Serbia and Montenegro is desperately hoping that recent extraditions will convince both Washington and the EU that it is serious about the war crimes process.
In recent weeks, former Serbian president Milan Milutinovic and Radical Party leader Vojislav Seselji have turned themselves in to The Hague.
There are rumours that two more suspects, Yugoslav army officers Miroslav Radic and Veselin Sljivancanin, will also be handed over.
But this may not be enough. America’s war crimes ambassador, Pierre-Richard Prosper, delivered a harsh message in January that he expected Mladic to be dispatched by the congressional deadline.
With pressure now intense, the new president of Serbia and Montenegro, Svetozar Marovic, threatened to sack anyone in the army found to be harbouring Mladic.
This triggered an immediate denial from the army that it’s protecting him.
Many will think, “Well they would say that wouldn’t they?” But diplomats detect a subtle shift in the military’s position.

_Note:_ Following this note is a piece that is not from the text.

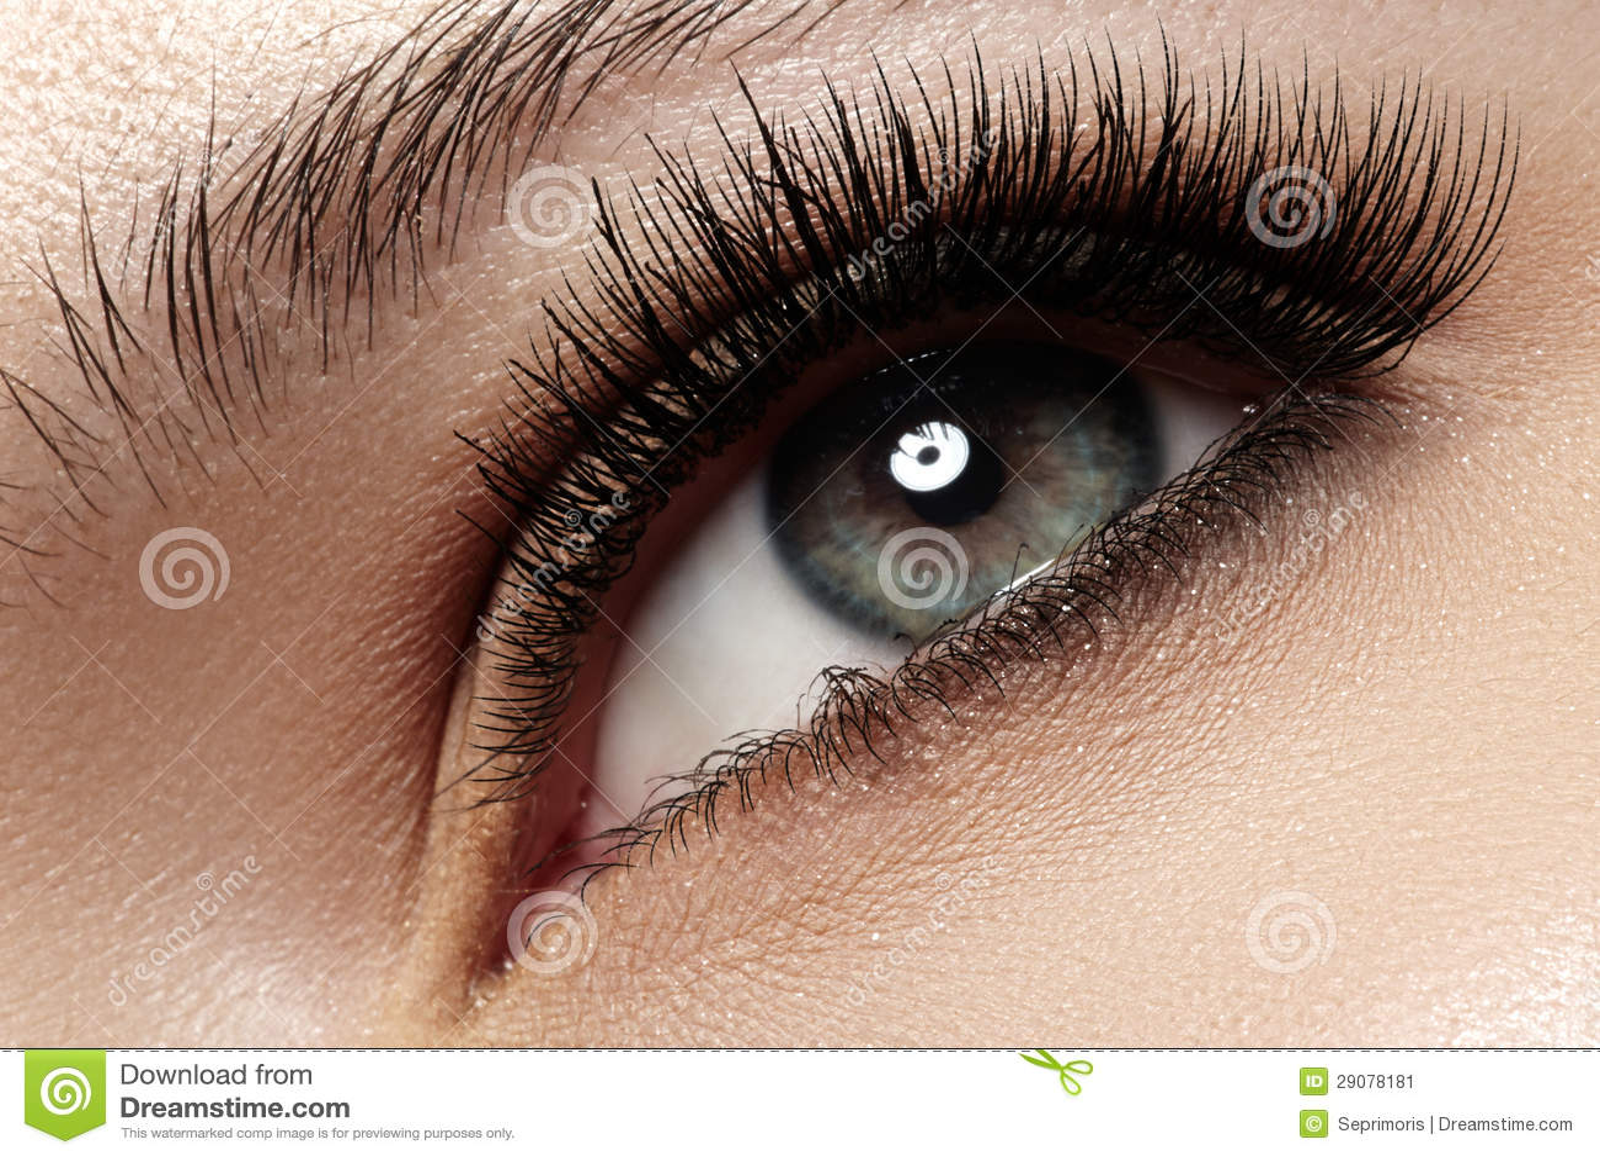 Close-up eye with fashion light natural make-up, extra long and volume eyelashes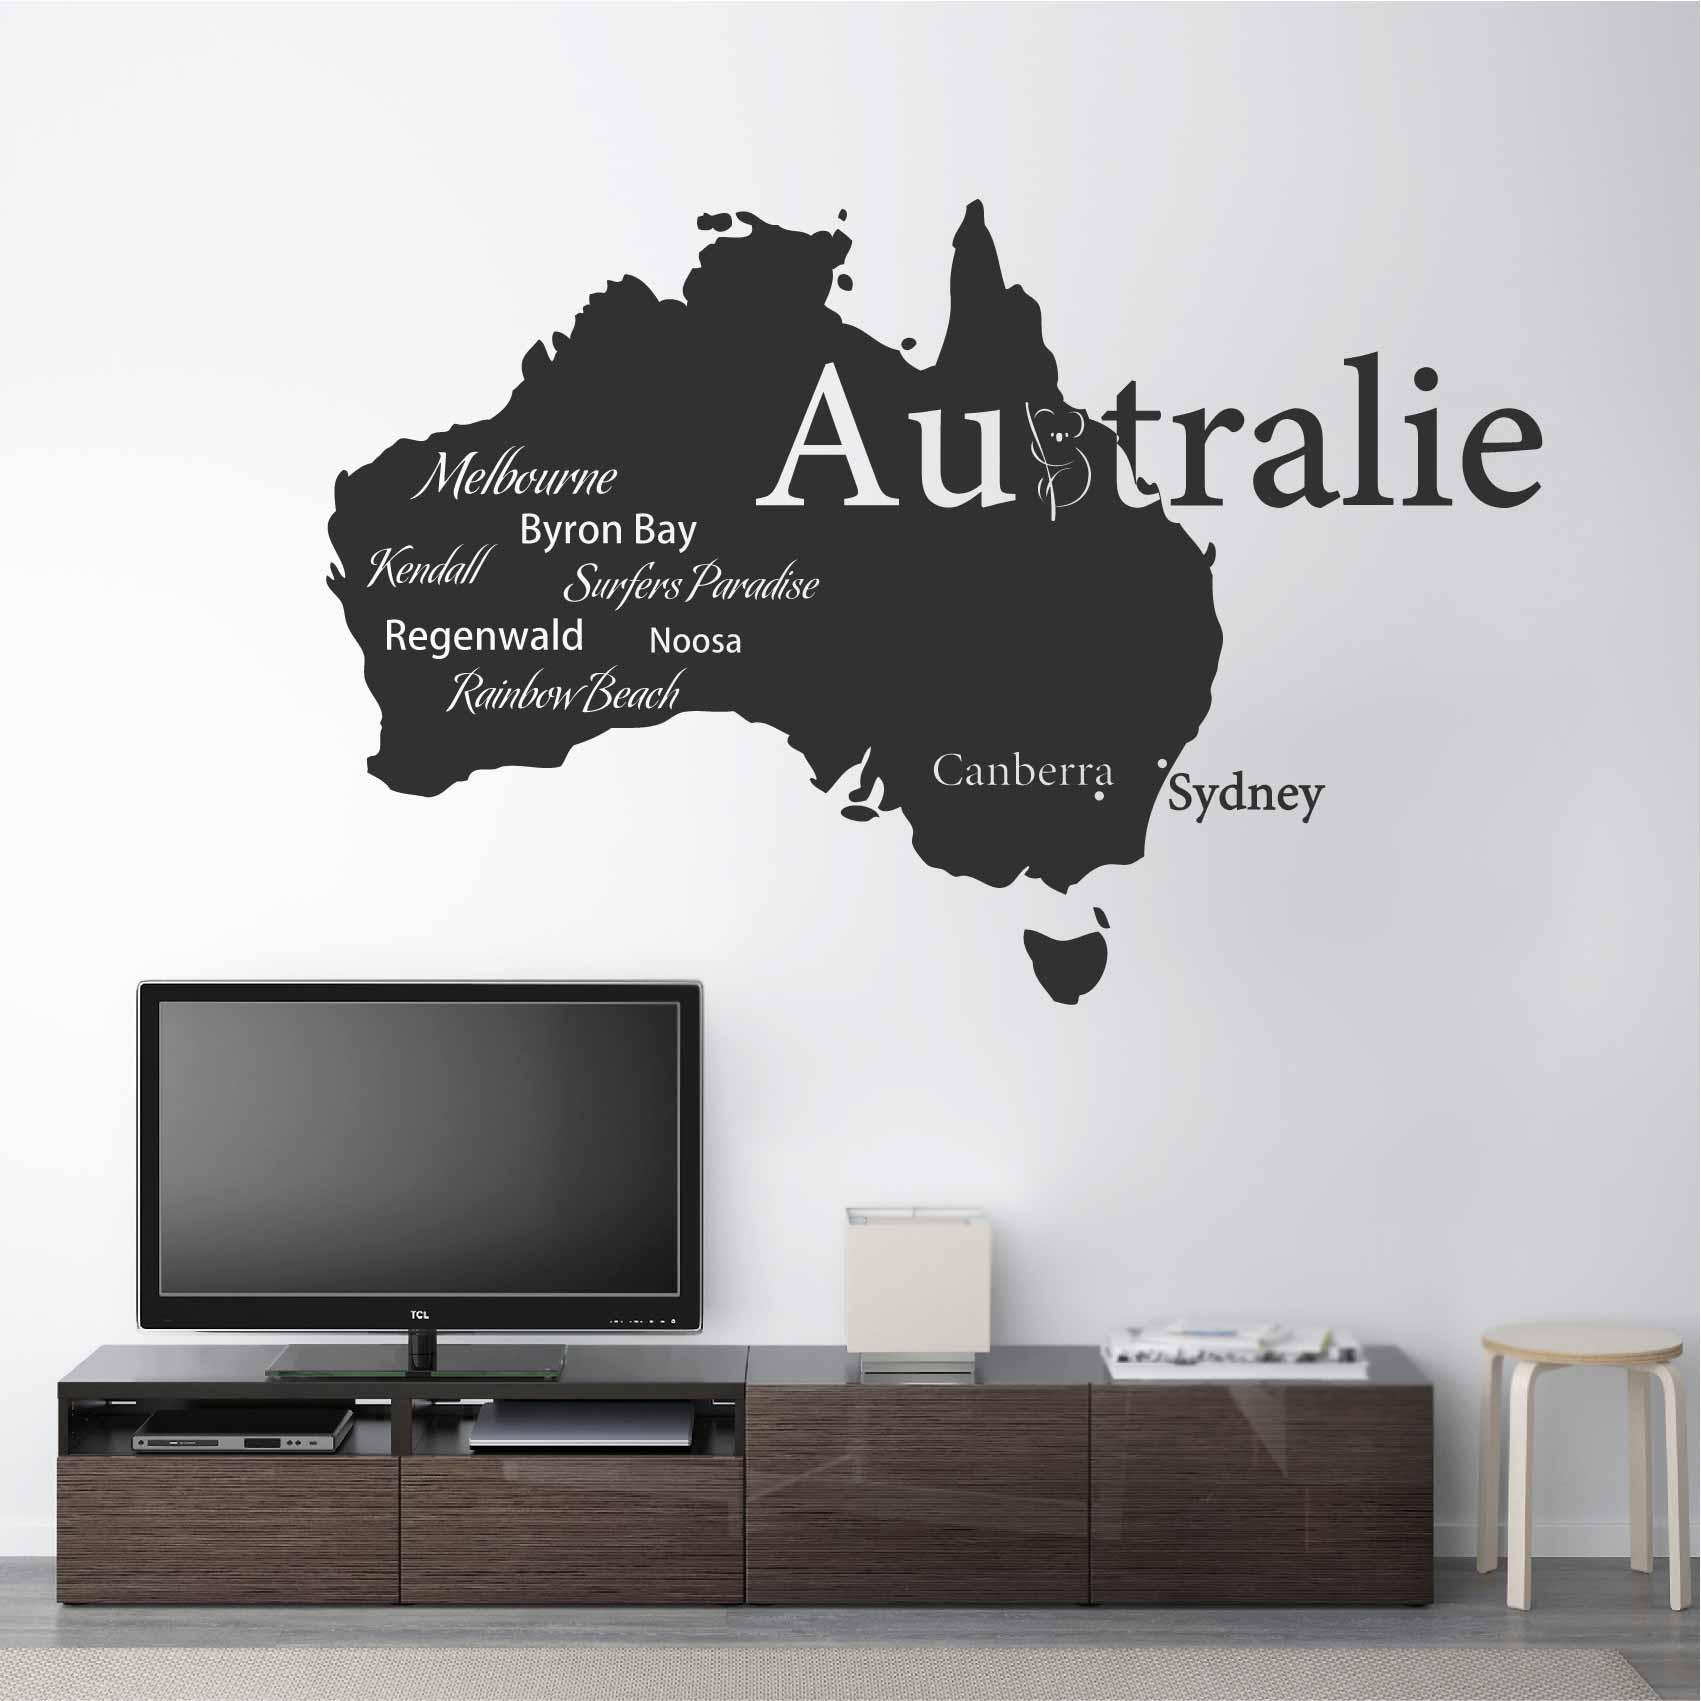 Carte Australie Deco.Stickers Australie Carte

Until now, Belgrade had feared arresting Mladic would lead to a bloody confrontation, as he is believed to be protected by 20 special forces soldiers.
However, with the army now promising it is not protecting Mladic, the bodyguards may have been withdrawn.
All of which may leave Mladic vulnerable to arrest. In which case, Del Ponte may be grateful that he is in Belgrade, where he can easily be picked-up.
Belgrade is asking for more time, explaining that to arrest Mladic now may stir nationalist unrest.
The trouble is, Belgrade has run out of excuses: a year ago, the US Congress gave assassinated Serbian prime minister Zoran Djindjic the benefit of the doubt when he asked for for more time to arrest suspects. Many congressmen now believe time is up for Belgrade.
There is, of course, another factor at work here: America is keen to see the tribunal finish its work, and wants it to close by 2008. This will be impossible unless Karadzic and Mladic are brought in soon - given that their trials and appeals are likely to last several years.
Chris Stephen is IWPR’s bureau chief in The Hague.